WORK REQUIRED: Although the material holds pictures, none belong in the copy; transcribe exactly, and only, the lines from the one with "Alfie Doughty established" through the end.

DATA PROVIDED:
Content starts

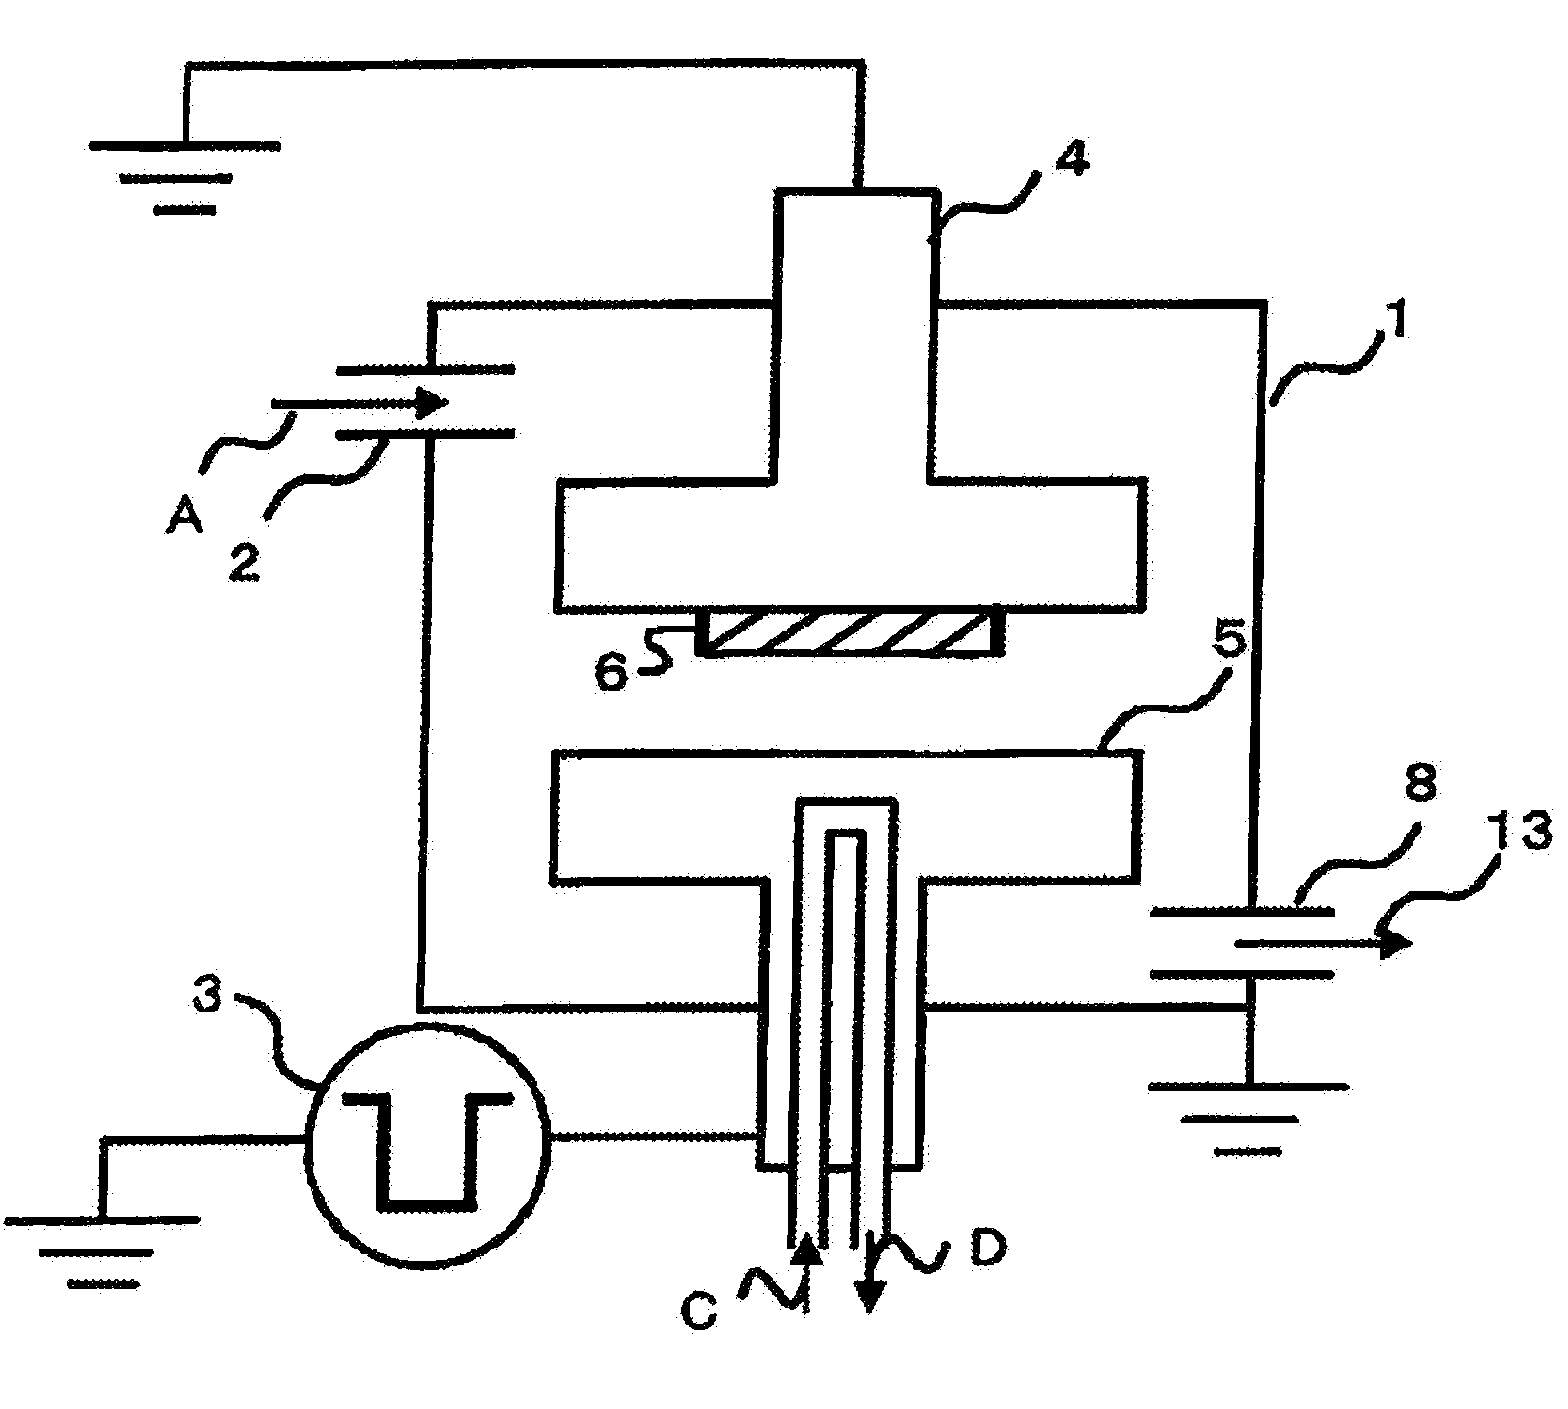 Method for reforming carbonaceous materials
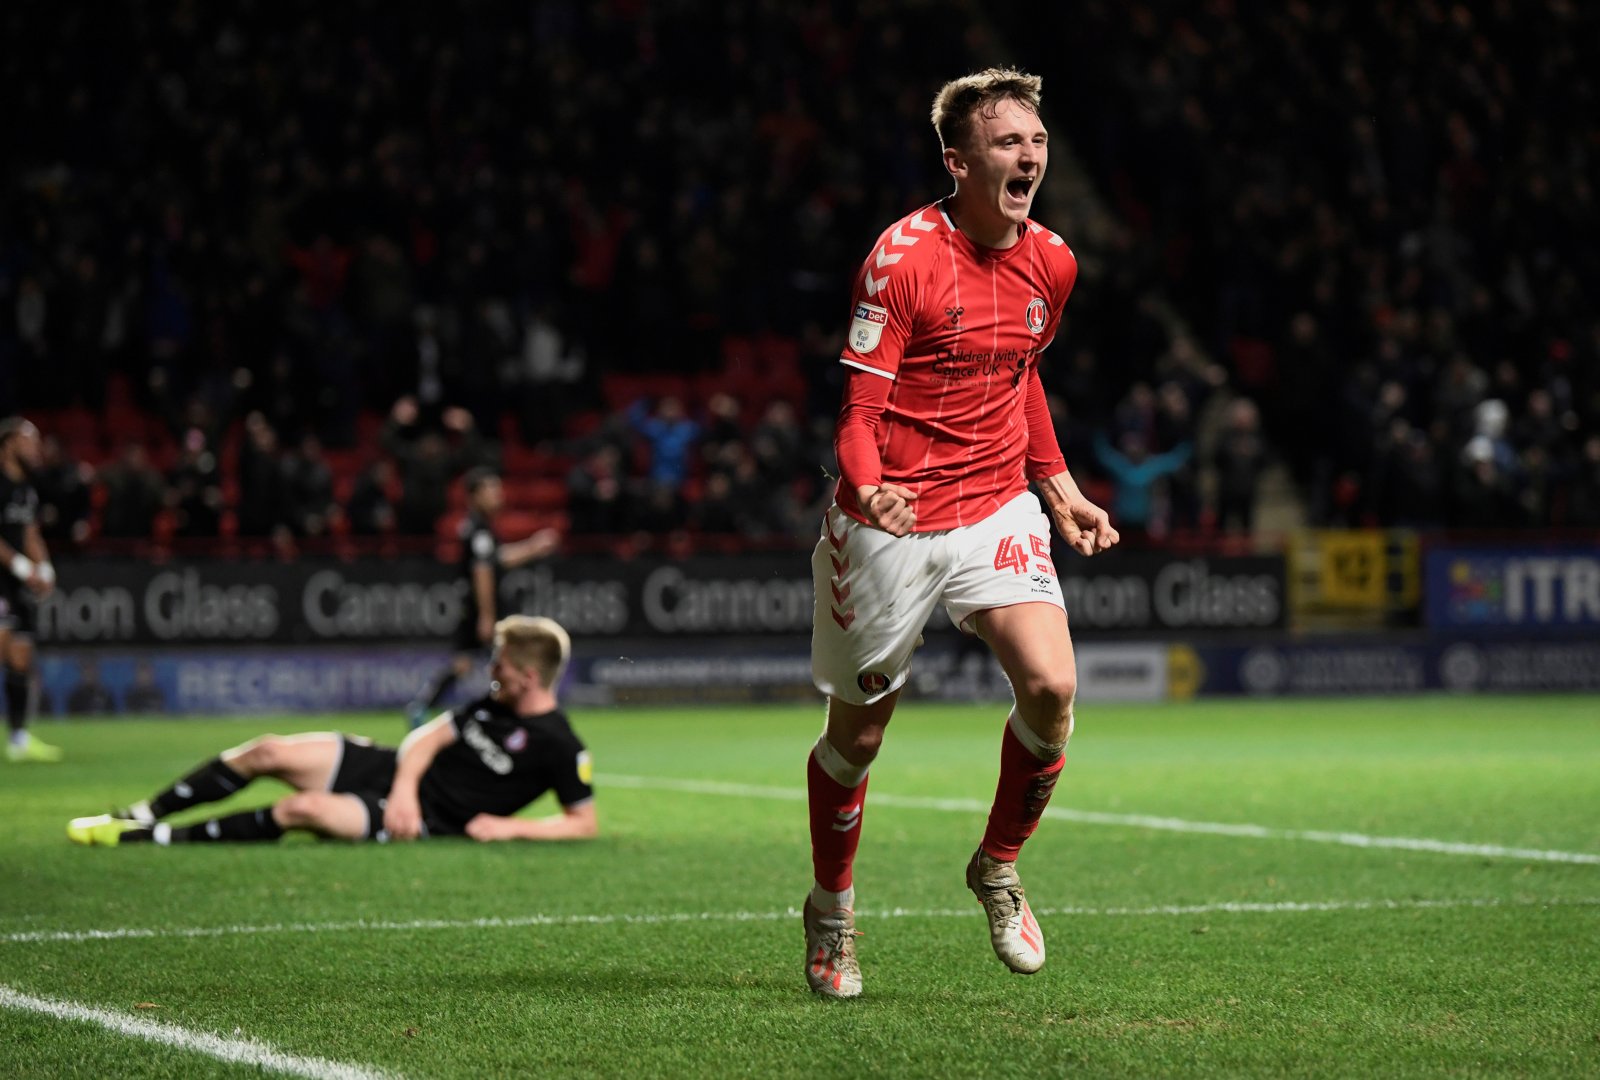 Alfie Doughty established himself as a key member for Charlton towards the end of the 2019/20 campaign (Image credit: Google)
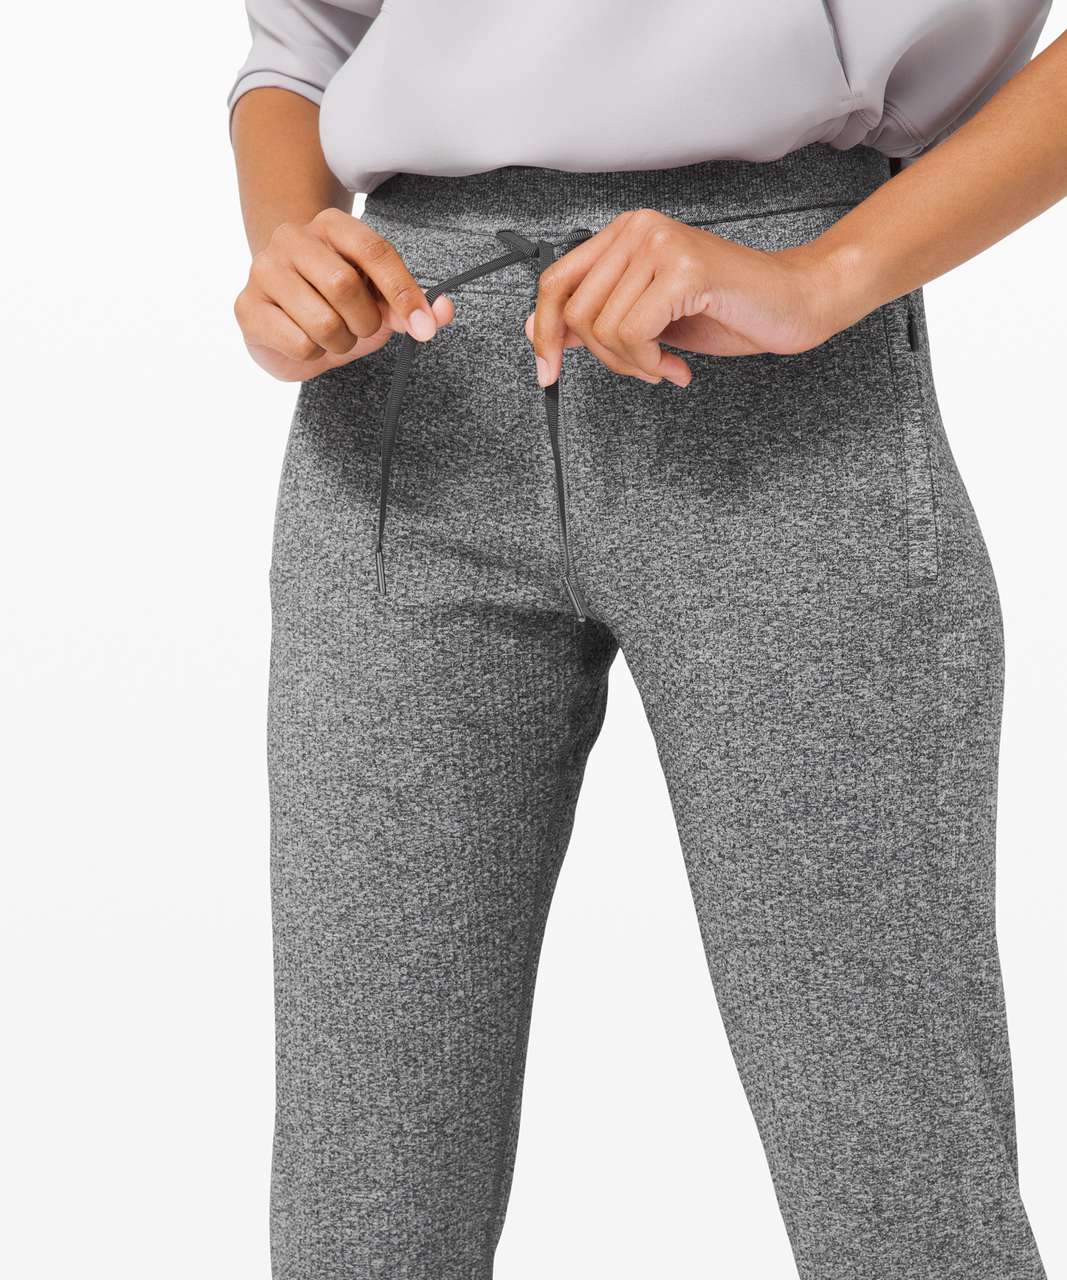 Lululemon Engineered Warmth Jogger Pants Knit Sage Size 4 - $109 - From Hope
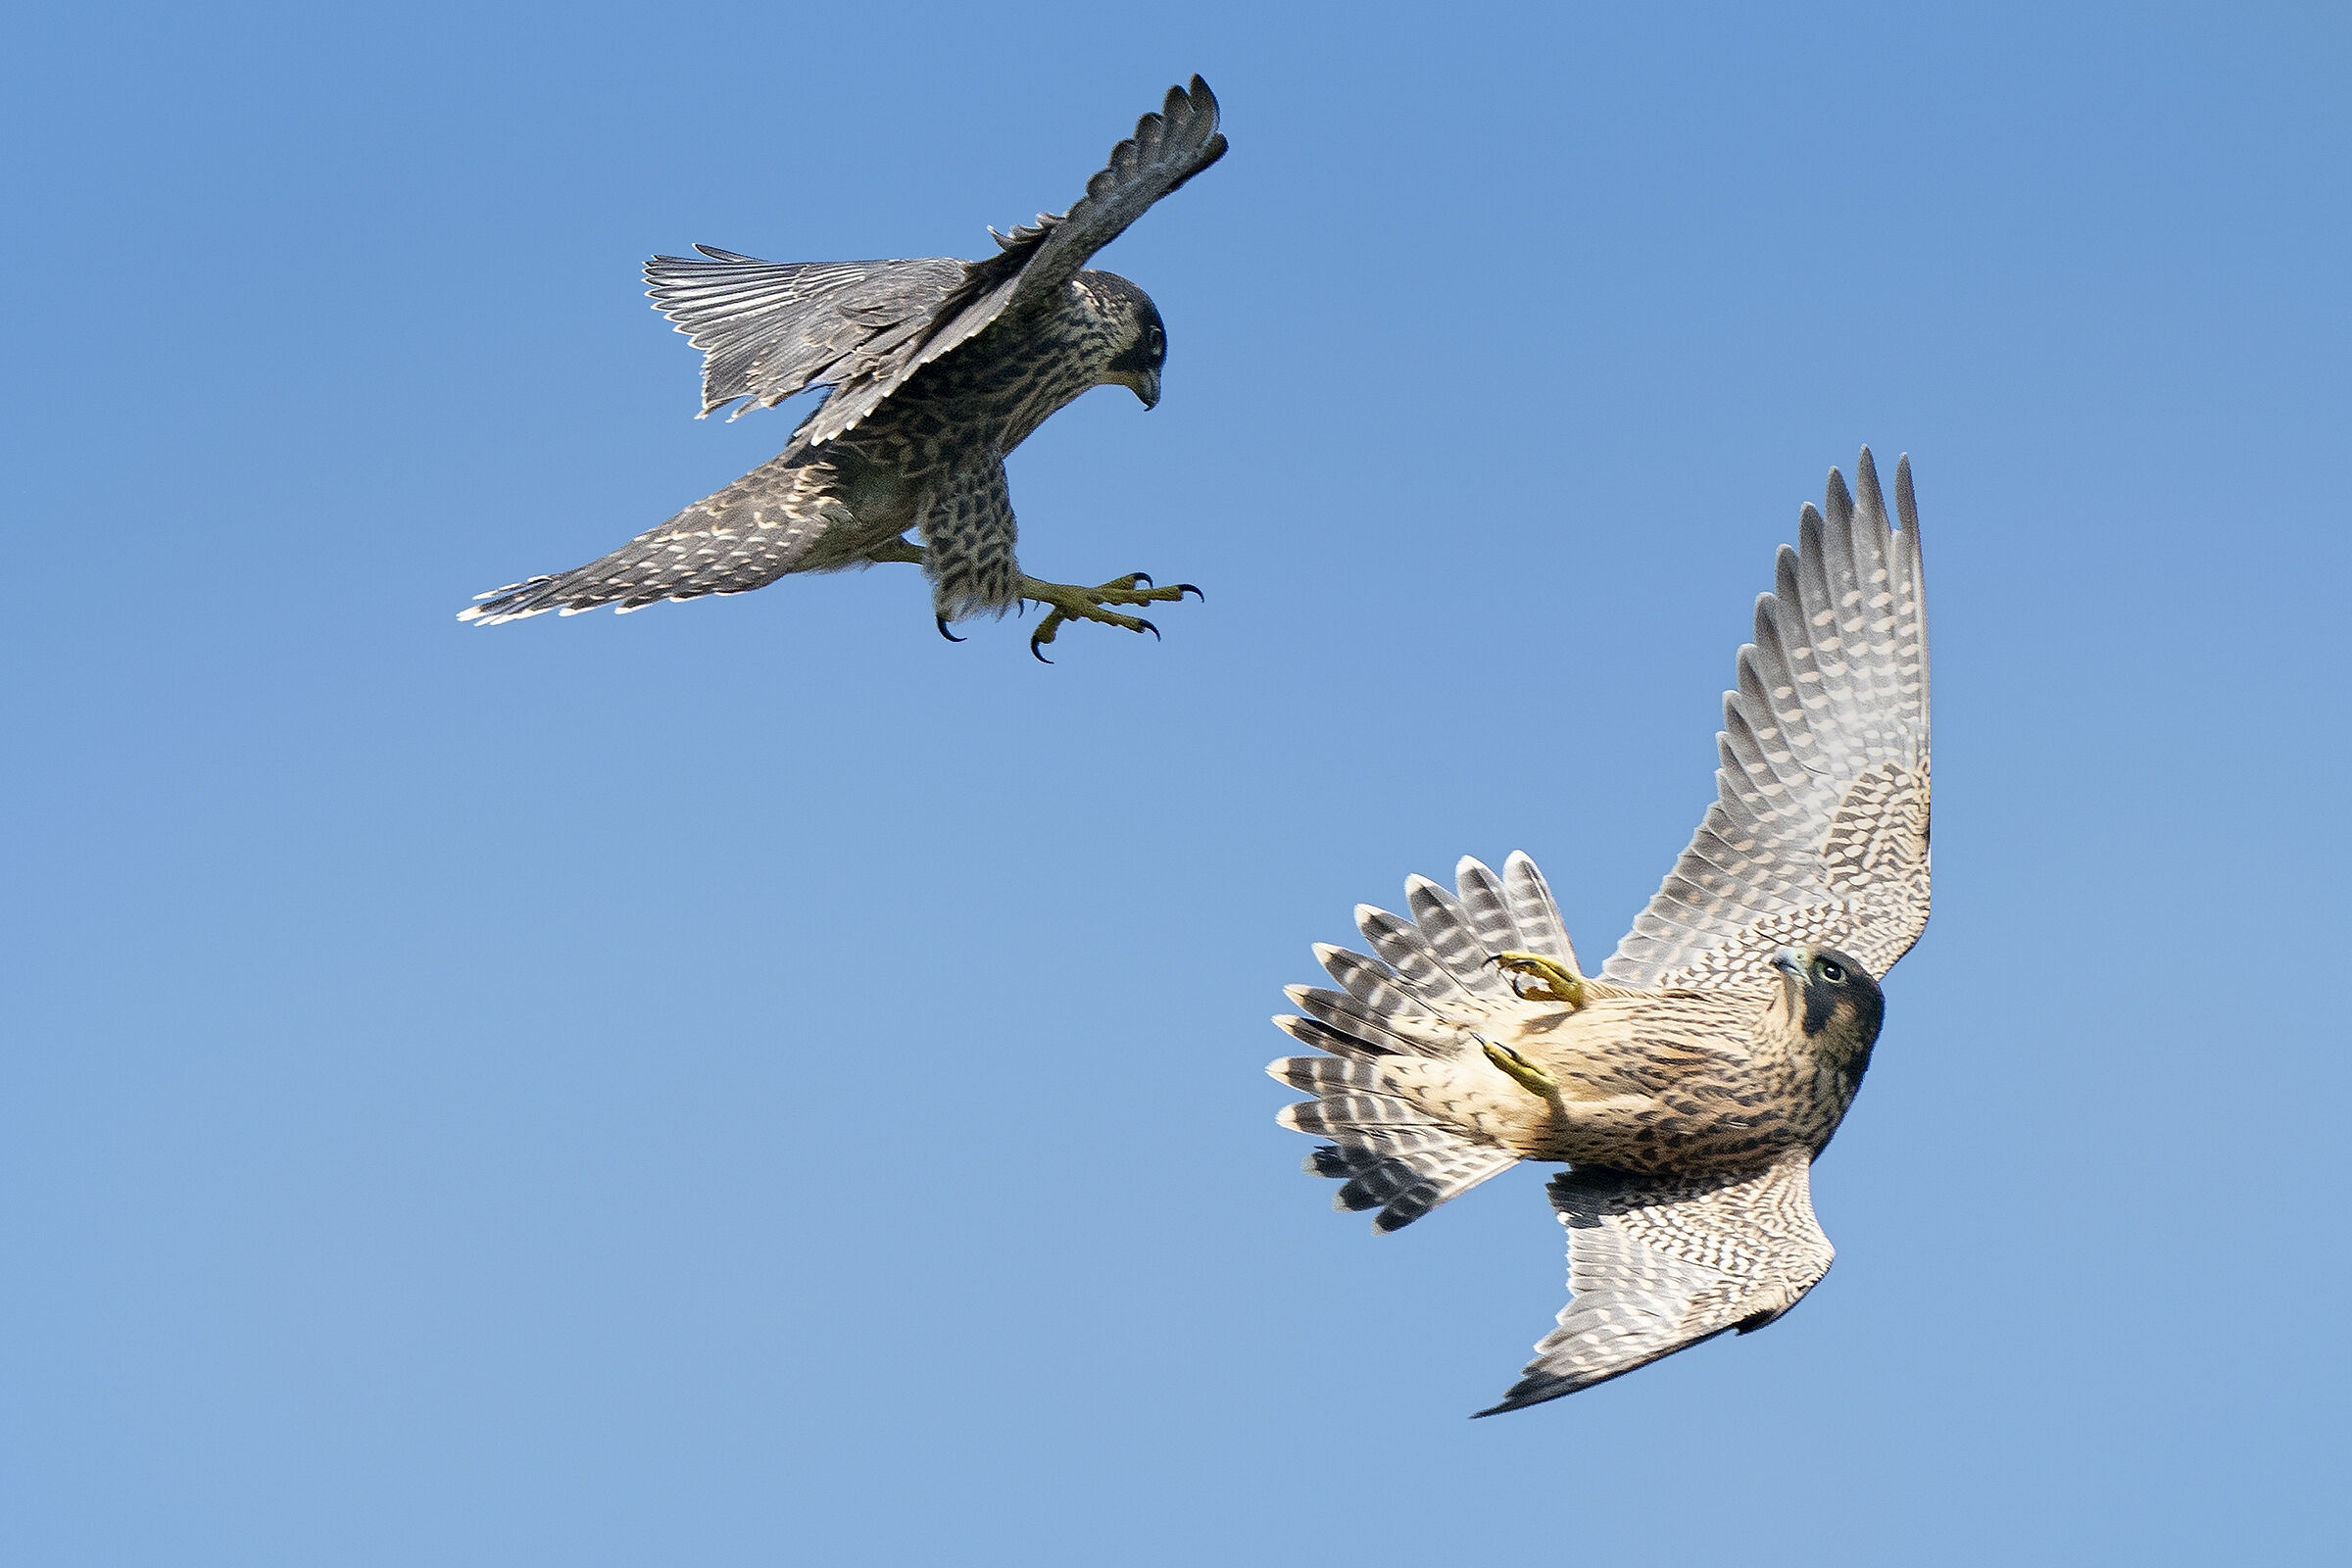 Acrobatic games of young peregrine falcons in flight....

Content ends

ANSWER SPACE:
 Alfie Doughty established himself as a key member for Charlton towards the end of the 2019/20 campaign (Image credit: Google)
 Lululemon Engineered Warmth Jogger Pants Knit Sage Size 4 - $109 - From Hope
 Acrobatic games of young peregrine falcons in flight....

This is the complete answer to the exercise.